朱丞听了,立马拱手赔罪:“是臣无能,让公主受此屈辱。”

“我不是这个意思”,柴熙筠将他扶起来:“今日他还只是言语挑衅,可若是利州城破,赤狄的铁骑踏进中原……”

“臣誓与利州共存亡!”

柴熙筠摇摇头:“大帅还是没听明白我的意思。”说着,她望向利州城内,眼神坚如磐石:“利州只能存,不能亡。”

“城门一破,你我都是罪人!”

柴熙筠从朱丞处议事回来,一进门便看见齐景之伏在桌案上,沉浸在自己的世界里,完全没注意到自己进来。

担心会打扰到他,她蹑手蹑脚走到榻边坐下,只远远地看着,直到他停了笔才走过去。

“在画什么?”一眼望过去,桌上横七竖八全是废弃的画稿,看着大差不差,都是一柄弯刀的模样。

齐景之收了笔,并不急于解释,拿起刚画就的那一幅,轻轻吹了吹,满意地点点头:“这样的砍马刀,似乎更实用。”

“嗯?”柴熙筠脸上有些困惑,看了眼他手上那幅,仔细察看了桌上其他的,并未看出有什么区别。

“以前远在洛南,对北境的敌人并不了解,现在想来不免有闭门造车之嫌,今日我细细观察了赤狄的马匹,这样的,会更合适。”

他眼中充满期待,仿佛已经想象到它锻造出来的模样。

难怪他当时一直缄默不语。想到今日赫连炎在城下言语无状,她突然开口问:“赫连炎的话,你听到了吗?”

“听到了。”

“你不生气?”在洛南时,沈修远不过去了趟府里,他都气得跳脚,赫连炎的举动显然有过之而无不及。

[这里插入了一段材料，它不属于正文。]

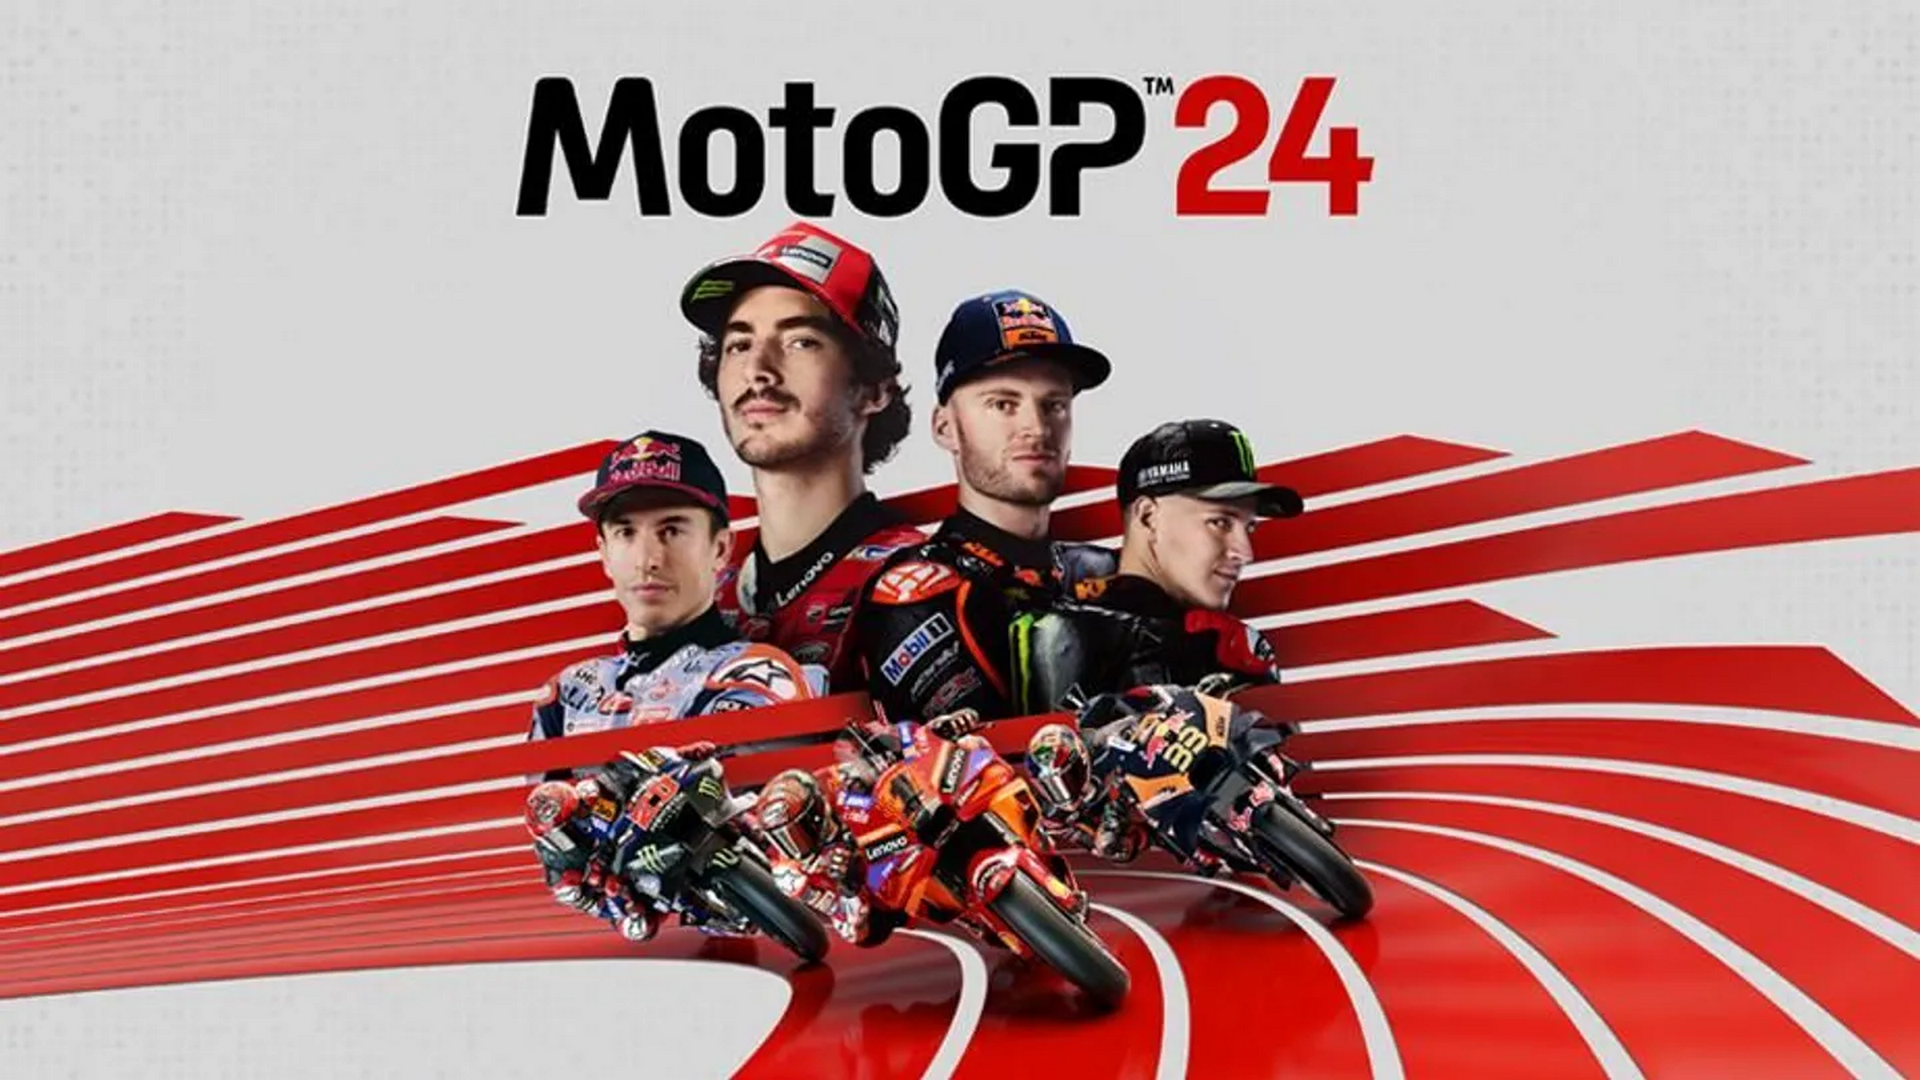 Milestone & MotoGP Announce The Release Of MotoGP 24

“阿筠”,他放下手中的画稿,双手搭在她的肩上,略微弯下腰,平视着她的眼睛:“来季州的路上,我想了很多。”

“我知道你骗我回陵南,是担心我的安危,怕我出事,可是我却高兴不起来。”

“我……”听他主动提到这件事,她急于辩解,一张嘴却发现,辩无可辩。

“若是我是久经沙场的将军,或者像刘行俨那样,一身的武艺,便是如贺敏之一般足以自保,你都不会对我如此不放心。”

“可是我……”,想到自己,他勉强挤出一抹苦笑,仿佛是在嘲笑自己的无奈和无力:“自小只从师傅那里学了锻造的技艺,同沈修远那种手无缚鸡之力的书生,并没有什么区别。”

“所以当你遇到危险时,除了以命相护,我没有别的本事。”

柴熙筠喉头涌上一股酸涩,渐渐地呼吸越来越困难,她拼命吞咽,试图将它压在心底,却是白费力气。

“你就当成全我。”他的声音开始发颤,眼里充满了哀求,她的心蓦地一阵刺痛。